WHAT IS BEING ASKED
The lines below from the one with "Филатова Гора, image of landscape/habitat." up to and including the one with "Vibrant_ Yellow_ Tulips_" are what you should set down, exactly and without pictures.

DATA IN THIS EXERCISE

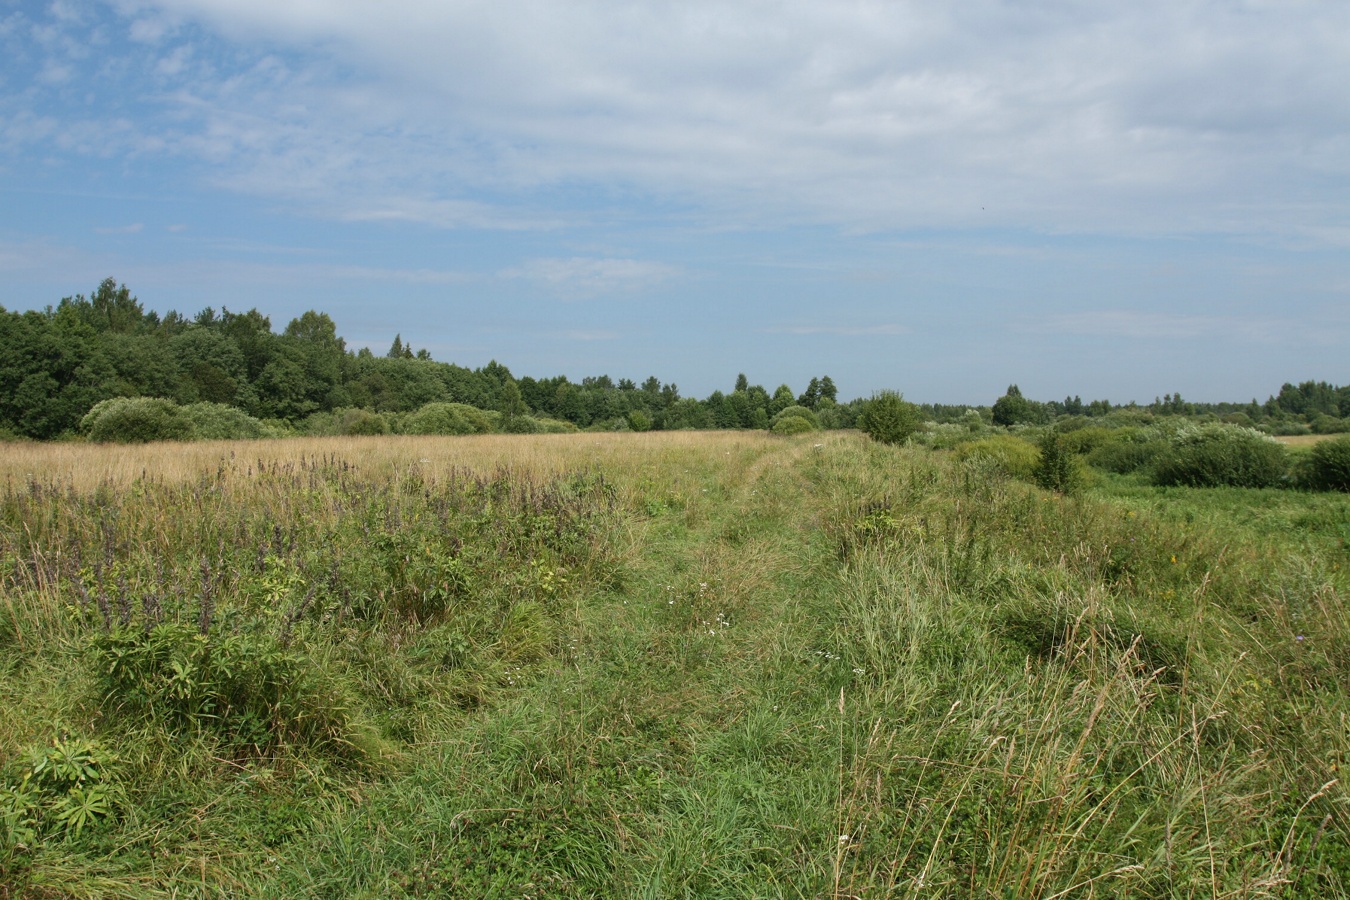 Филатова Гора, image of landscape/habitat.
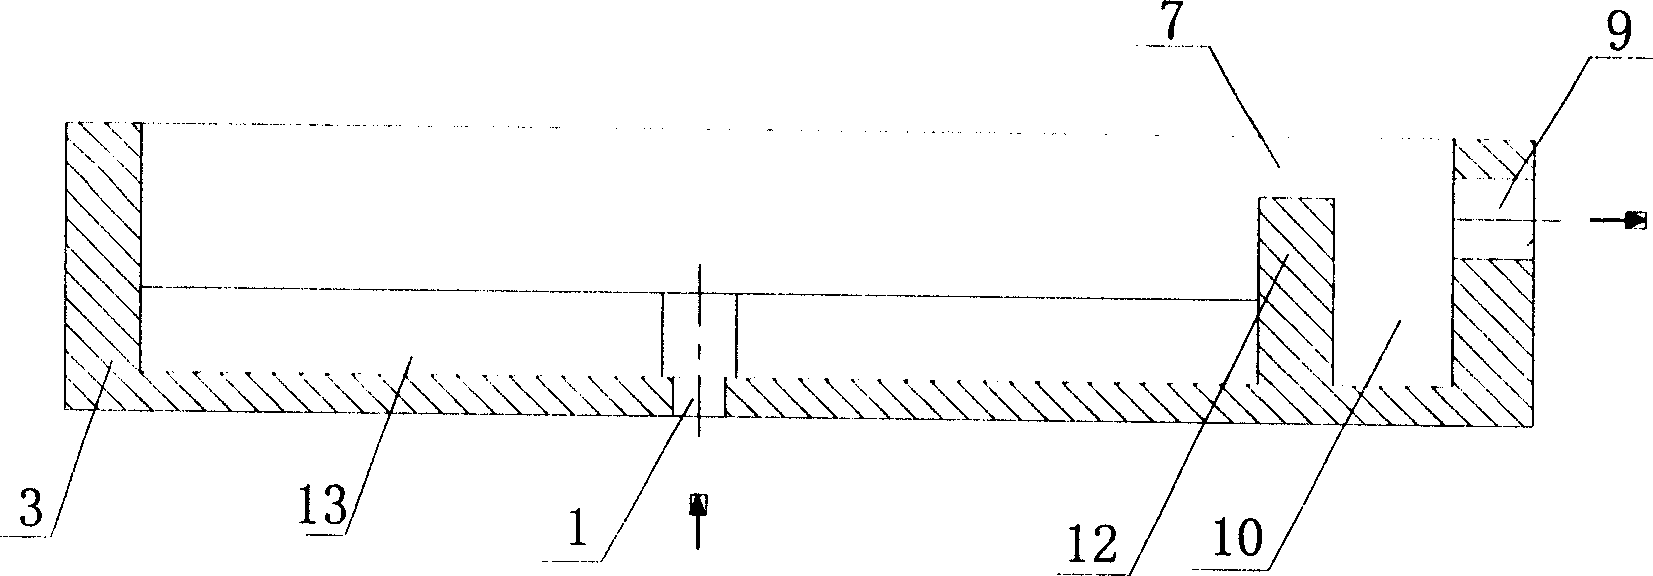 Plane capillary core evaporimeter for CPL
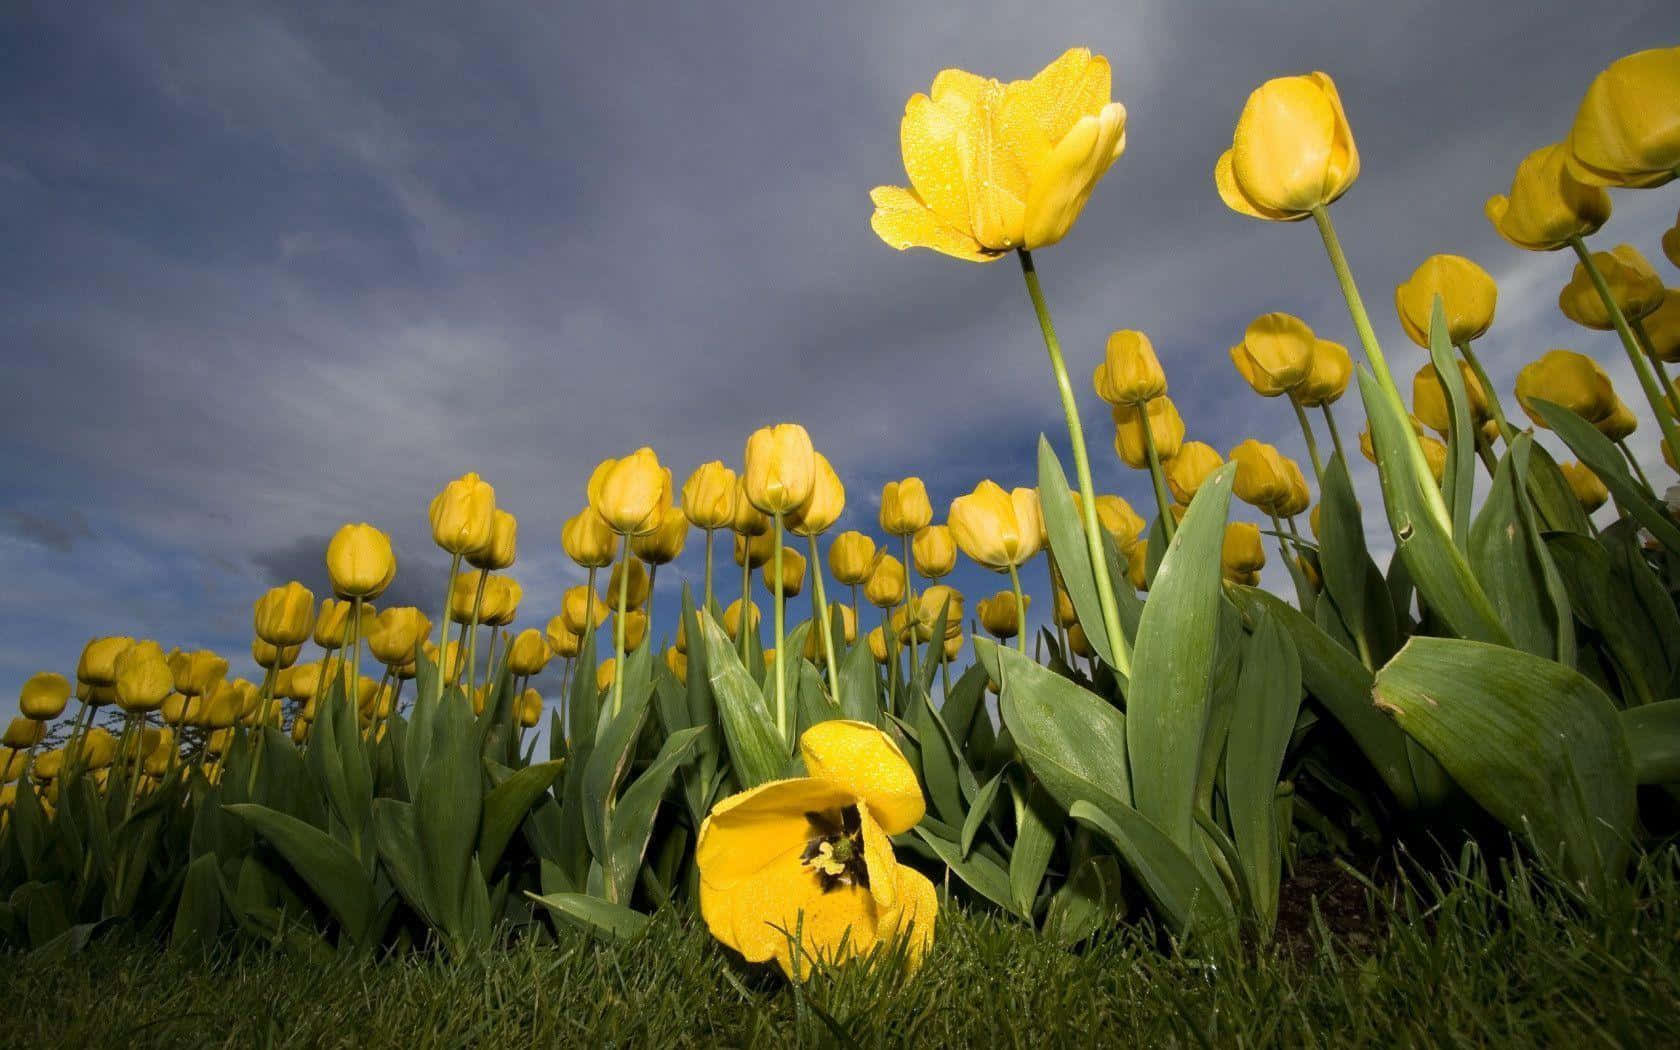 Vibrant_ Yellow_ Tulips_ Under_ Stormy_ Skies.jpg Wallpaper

...

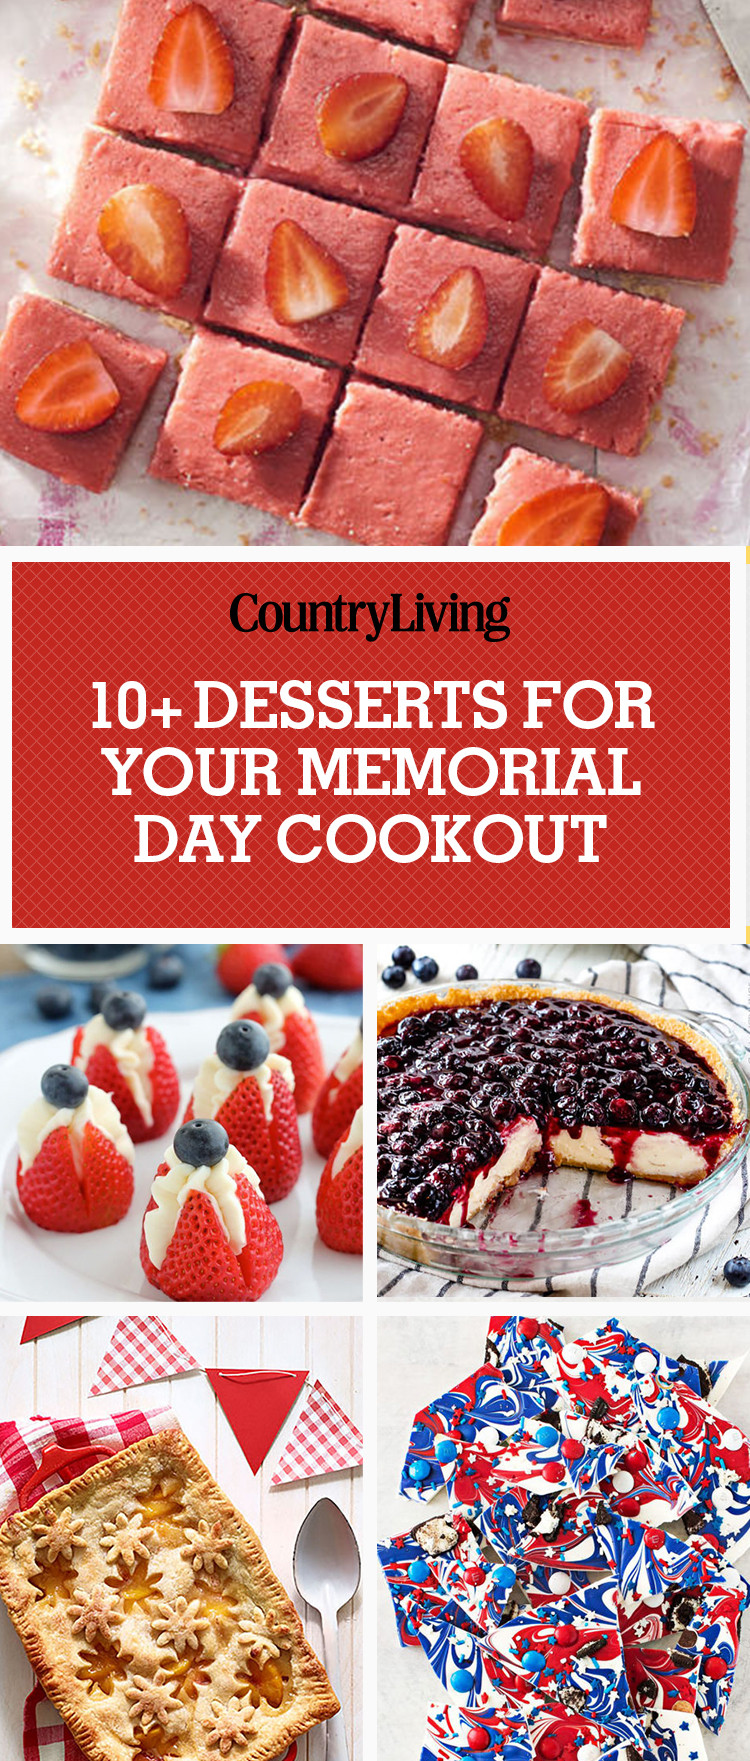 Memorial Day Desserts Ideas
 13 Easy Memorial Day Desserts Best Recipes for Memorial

RESPONSE TO THE EXERCISE
 Филатова Гора, image of landscape/habitat.
 Plane capillary core evaporimeter for CPL
 Vibrant_ Yellow_ Tulips_ Under_ Stormy_ Skies.jpg Wallpaper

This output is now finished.